Dezentrale Stadtmuseum
Per Zufall zur Industrialisierung

Warendorf -

Was bietet eigentlich das Konzept des Dezentralen Stadtmuseums? Das schilderte Mechthild Wolff vom Heimatverein Warendorf jetzt. Vom Tapetensaal bis zum Gadem reichte die Palette.

Mittwoch, 12.02.2020, 12:00 Uhr
Mechthild Wolff beschreibt die aufwändig gestalteten Tapeten im Gartensaal. Vorbild waren die prächtigen Wandgestaltungen der vermögenden Schicht in Frankreich.
Mechthild Wolff beschreibt die aufwändig gestalteten Tapeten im Gartensaal. Vorbild waren die prächtigen Wandgestaltungen der vermögenden Schicht in Frankreich. Foto: Rebecca Lek

Einige wenige Warendorfer trotzten dem Wetter und erschienen am Sonntagnachmittag im Tapetensaal, um von Mechthild Wolff vom Heimatverein etwas über das dezentrale Stadtmuseum zu erfahren. Die Besucher waren sichtlich beeindruckt als sie von dem enormen Aufwand erfuhren, den Heimatverein und Altstadtfreunde für die Pflege aufbringen müssen. „Insgesamt 50 ehrenamtliche Helfer sind dafür im Einsatz“, berichtete Wolff.

Insgesamt beinhaltet das dezentrale Stadtmuseum mehrere Standorte in der Warendorfer Altstadt.

Wolff begann mit dem geschichtsträchtigen Gebäude in der Klosterstraße 7 und erzählte die spannenden Geschichten der Bewohner. Sie begann bei Hofrat Dr. Katzenberger und endete damit, dass durch die Zufallsbegegnung von Johanna Ostermann und Hermann Josef Brinkhaus die Industrialisierung in Warendorf Einzug hielt.

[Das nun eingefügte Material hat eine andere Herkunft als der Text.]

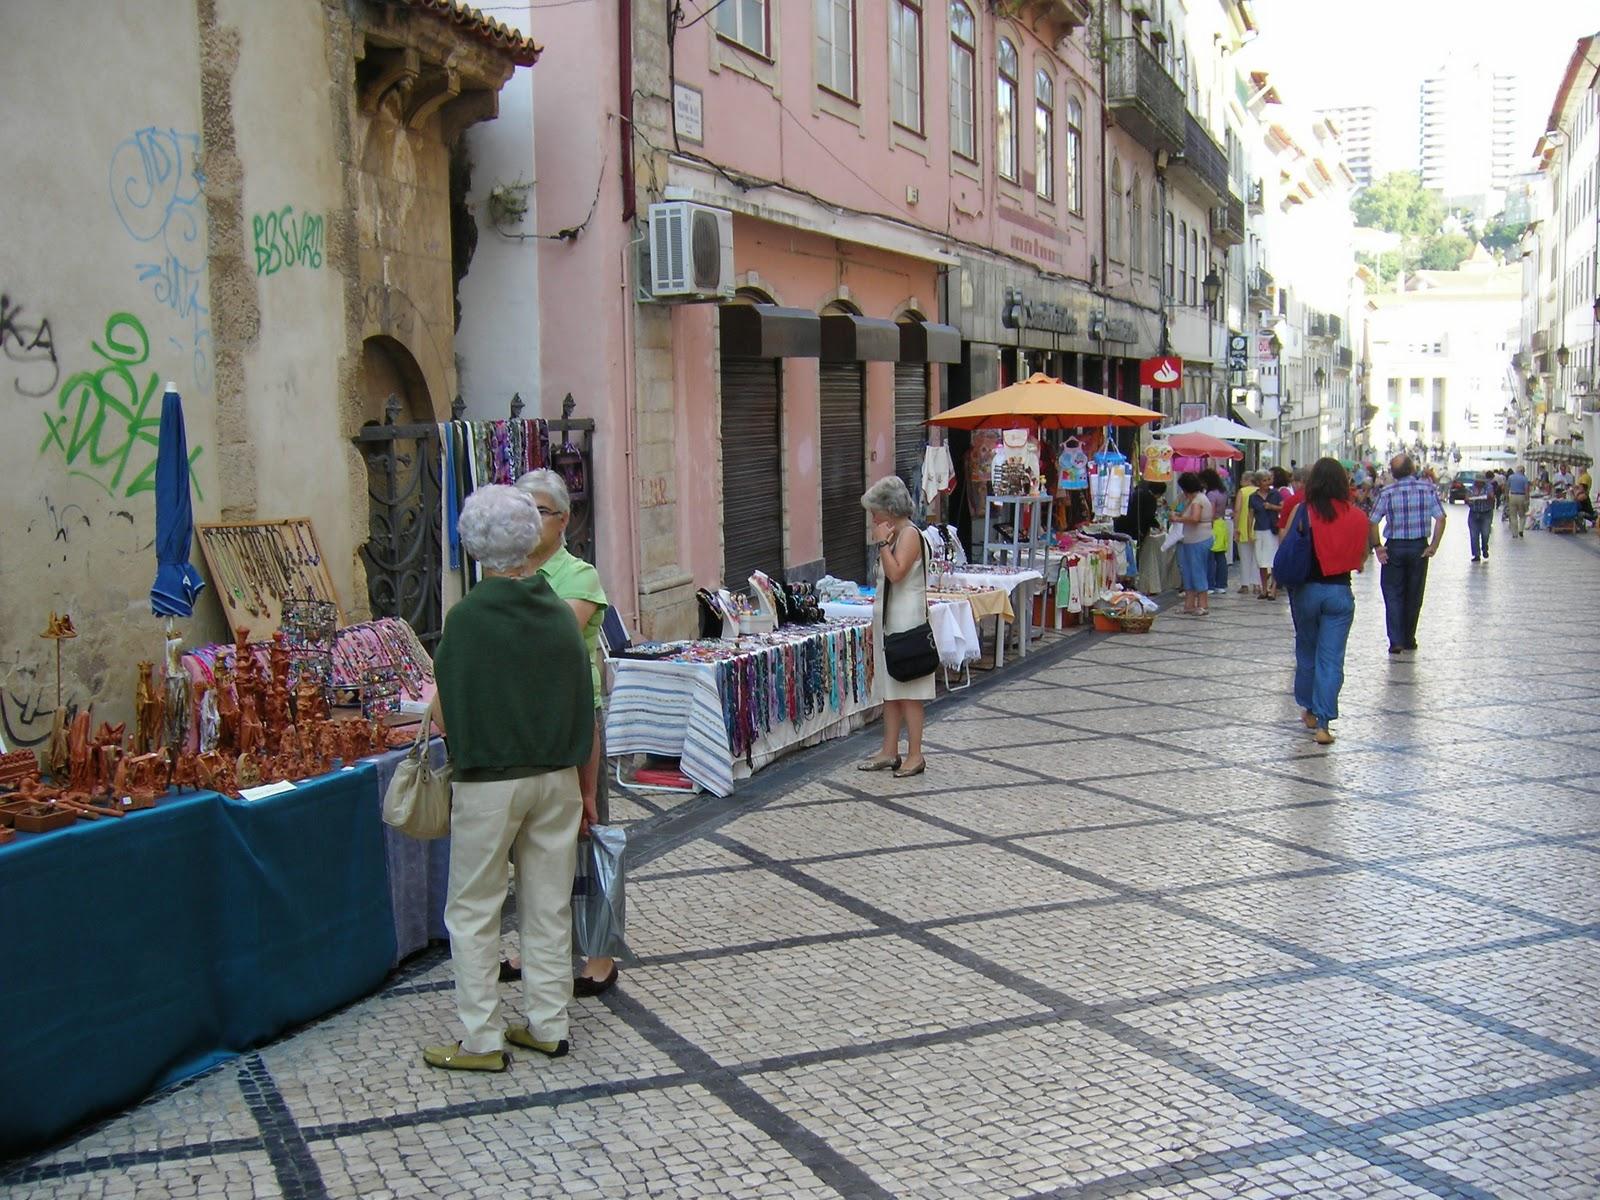 Feira Artesanato Urbano Coimbra ~ anapaulabiju Feira de artesanato urbano de Coimbra

Nächste Station wäre das historische Rathaus gewesen, das aufgrund des Sturms an diesem Sonntag allerdings geschlossen blieb. Kurzerhand entschlossen sich die Teilnehmer, sich von Wolff virtuell ins Rathaus entführen zu lassen. Mit Bildern untermalt erzählte die Vorsitzende des Heimatvereins zum Beispiel vom ersten Brand in Warendorf im Jahre 1404.

Als nächstes standen die Geschichten der Firma „Brinkhaus und Wiemann“ sowie „Wiemann und Bispinck“ auf dem Plan. Hierzu begaben sich die Besucher zu den beiden Fabrikgebäuden an der Kirchstraße, wo 1861 die erste mechanische Weberei entstand. Anschließend ging es weiter zum Fabrikantenwohnhaus Bispinck an der Münsterstraße. „Das Haus Bispinck ist ein Schmuckstück für das Dezentrale Stadtmuseum“, betonte Wolff.

Vervollständigt wird die Liste durch das Gadem am Zuckertimpen.